1.  Self-Reliance vs. Bureaucratic “solutions”:  I define survival/preparedness/self-reliance, in part, as the ability for my family to survive and possibly thrive during periods of civil breakdown without having to depend on government agencies or non-government agencies.  This will be as a result of a combination of our family preparedness and because of relationships with friends who have also prepared in advance.  I don’t hate government agencies.  In fact, I’m a first responder under FEMA–but I’ve repeatedly seen how one bureaucrat can destroy the effectiveness of dozens of competent first responders.

2.  Maintain Morals:  We have decided in advance that we will make the necessary preparations so that we don’t have to compromise on our morals and values in civil breakdown situations.  A large number of people’s survival planning involves stealing/looting after a disaster.  Ours does not.  Remember, at some point, some form of stability will return and you’ll have to live with the consequences of your actions.

3.  Carpe diem–Enjoy The Journey:  We are not so focused on potential disaster that we miss out on daily fun.  We continually evaluate our decisions and purchases based on how they will play out, regardless of whether we ever have to live through civil breakdown.  This keeps us balanced.  As an example, we tend to buy large quantities of food that we already eat rather than large quantities of MREs that, truth be told, we really don’t like.  We actually USE a lot of our survival supplies on a daily basis.

4.  Enrich Your Daily Life:  Preparedness planning should not only be useful in a disaster, but enrich your daily life.  Increasing your situational awareness will cause you to see more beauty as well as more potential threats.  Exercise will help you be more resilient in a disaster, but will also burn off stress hormones and help you sleep better every day.  Learning trauma skills and natural health care will allow you to treat yourself when there are no doctors available and it will put you more in tune with your body.

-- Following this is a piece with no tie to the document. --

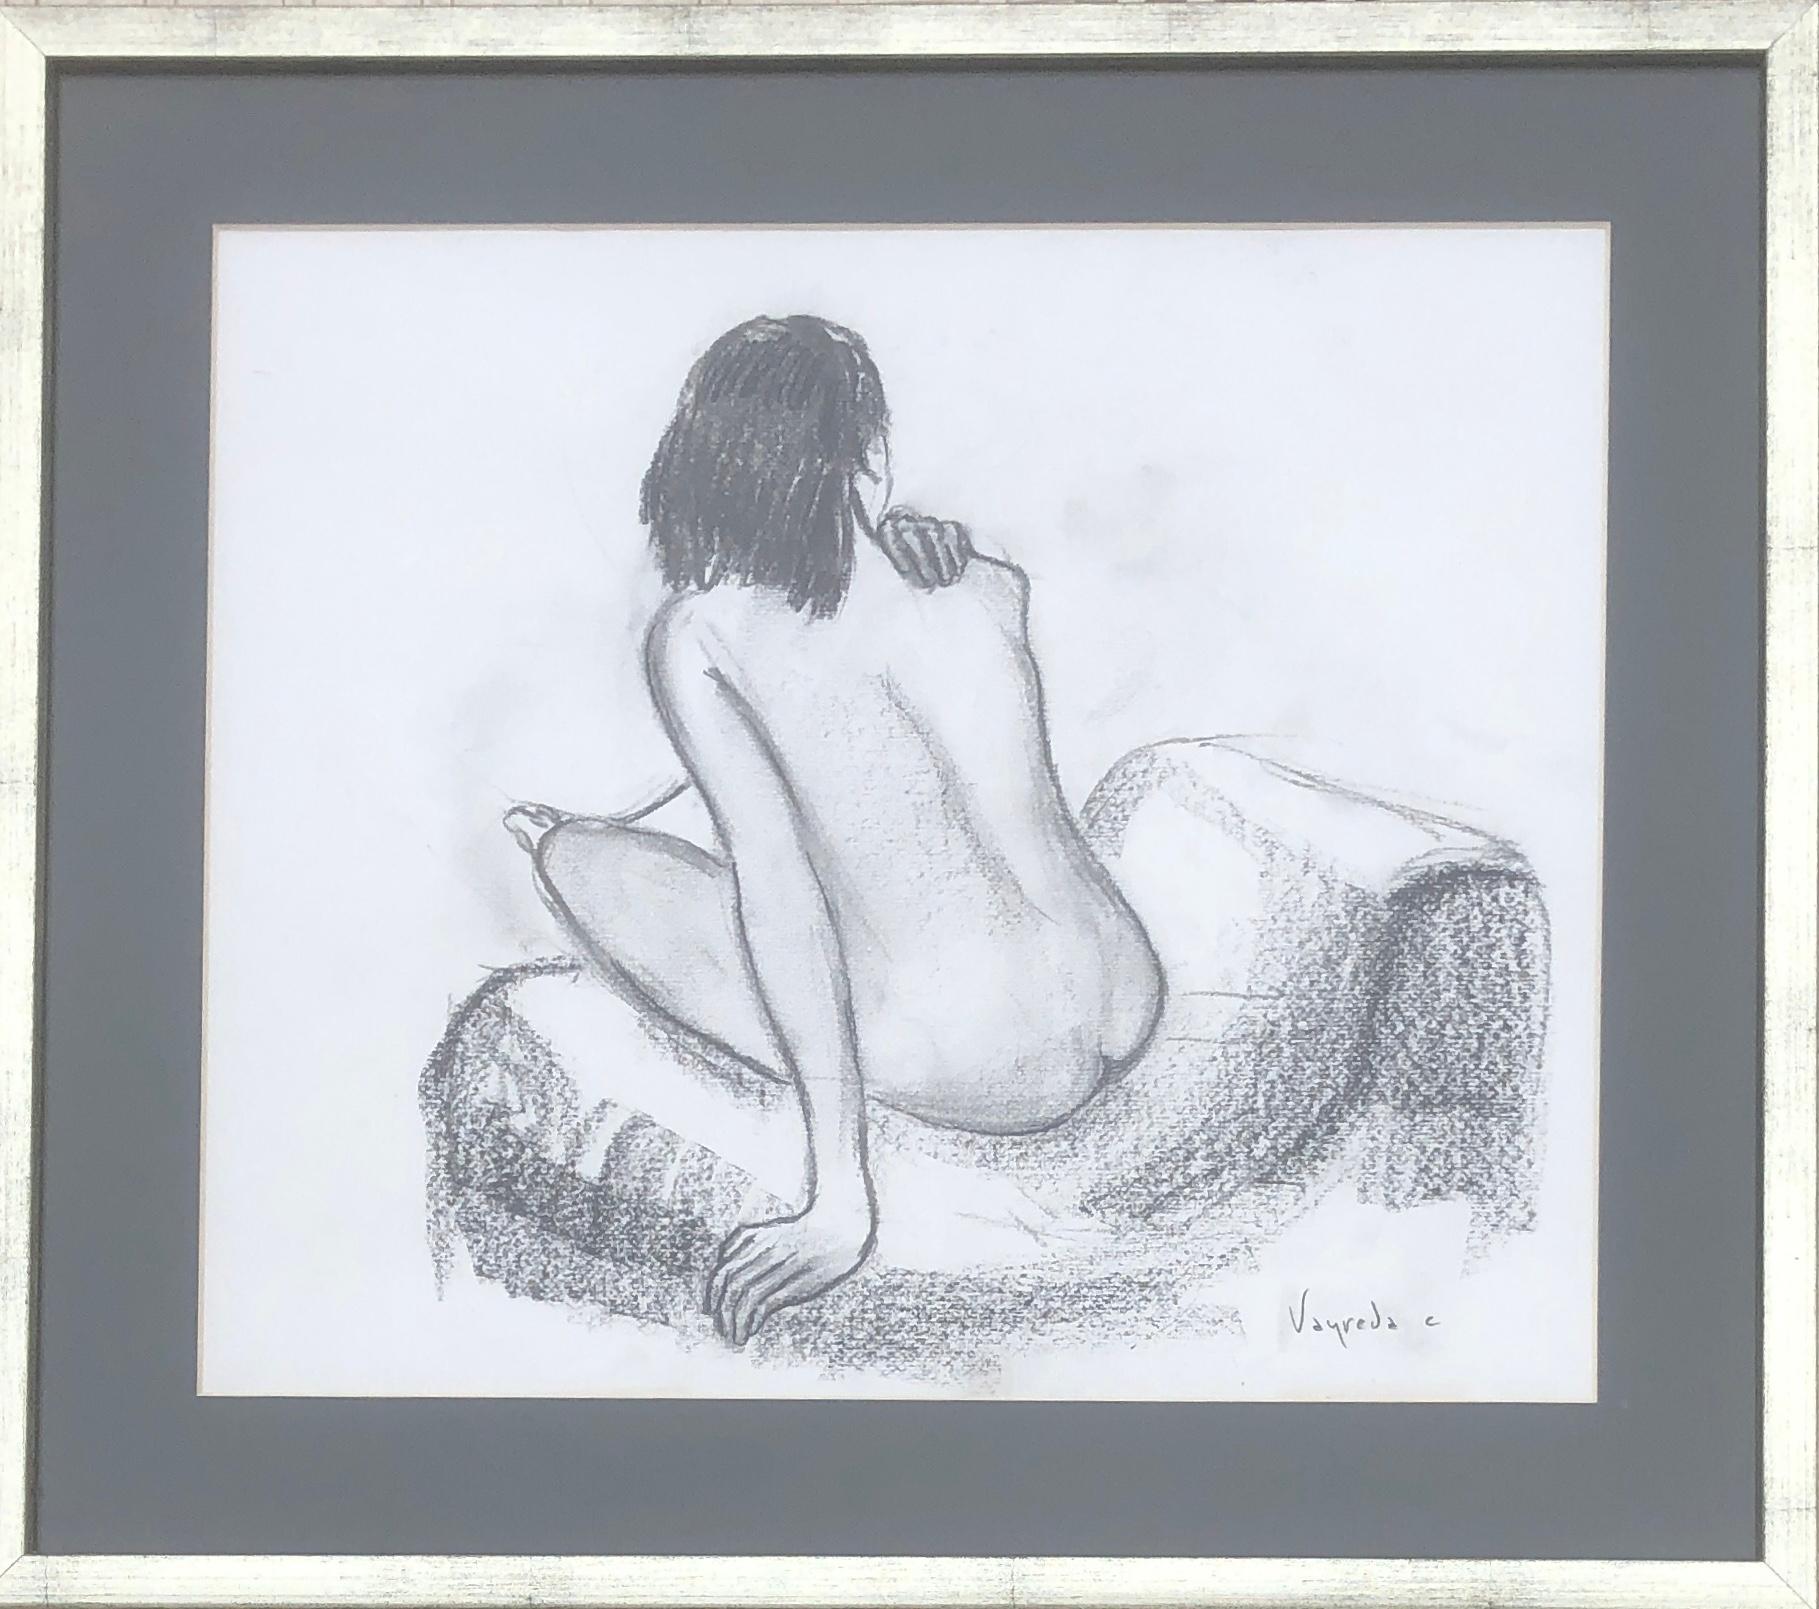 Female nude charcoal drawing - Art by Josep Maria Vayreda Canadell

5.  Preparedness Planning Should be Realistic.  I’m always amazed at the number of people I talk to who’s plan is STILL to “head to the hills” when “it” happens.  I kind of laugh because if half of those people actually DO go to the wilderness, the wilderness is going to be hunted clear of food in no-time.  Then all the people will die…except for the handful who actually know what they’re doing.  The reality is, most people live in urban areas (even communities of a few thousand) and will have to survive disasters in those areas.

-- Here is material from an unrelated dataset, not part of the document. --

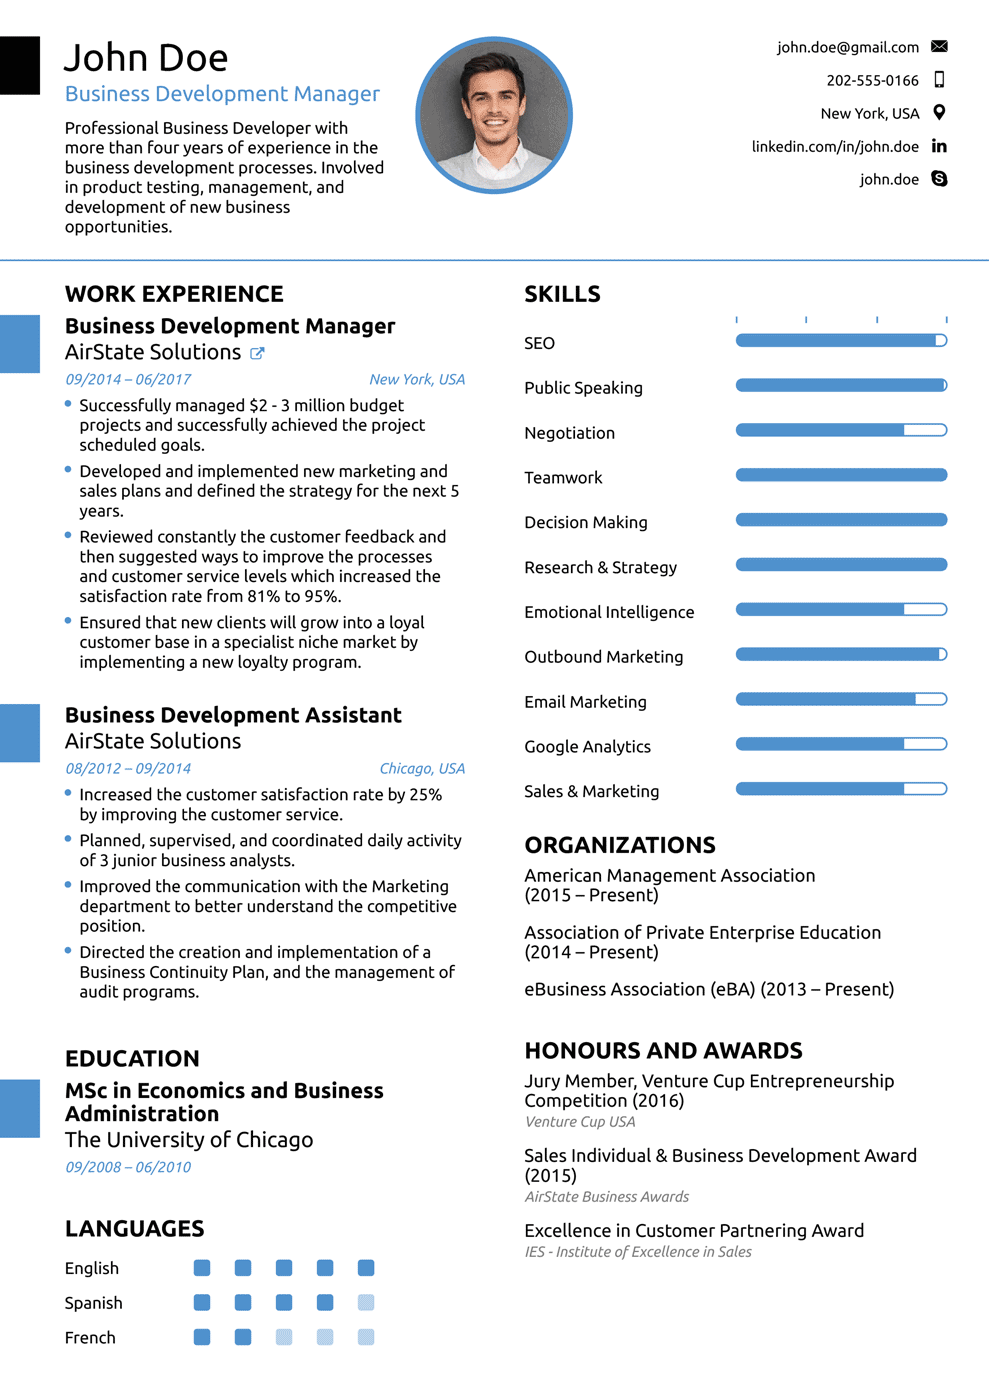 8+ Best Online Resume Templates of 2018 [Download & Customize]

6.  “Survival” is not Necessarily Romantic, Fun, or Comfortable.  If it was, it would be “Primitive Living.”  Understand it, prepare for it, practice it if you’re able, and if you are ever forced into a situation where you need your skills to survive, you’ll have a more realistic idea of what to expect.

7.  Most People will Never Understand Why You Prepare.  Whether you call yourself “self-reliant”, a “prepper”, a “survivalist”, or just practical and moderately observant…everyone is not going to share your passion.  Fortunately, we have a community online that does share your passion.

8.  You’ll never be 100% prepared for everything that could happen…deal with it.  We’ve got dozens of natural and manmade threats to contend with.  Dirty bombs, EMPs, earthquakes, hurricanes, mud-slides, cyberattacks, economic collapse, attacks on the electricity grid, local accidents, etc. etc.  Don’t waste your time worrying about it…Just start taking steps to prepare.

If all of your gear is at home and an earthquake buries it while you’re at the store, you’re going to have to improvise, adapt, and overcome.  (and maybe decide to set up some caches)  Especially as you’re starting out, try to focus on the basics…food, fire, water, shelter and then medical, security, and tools.  These are all things that will help you on a regular basis and will help you if you go through rough economic times.  They’re also ways that you can get prepared that are more “tolerable” for relatives who aren’t on board yet.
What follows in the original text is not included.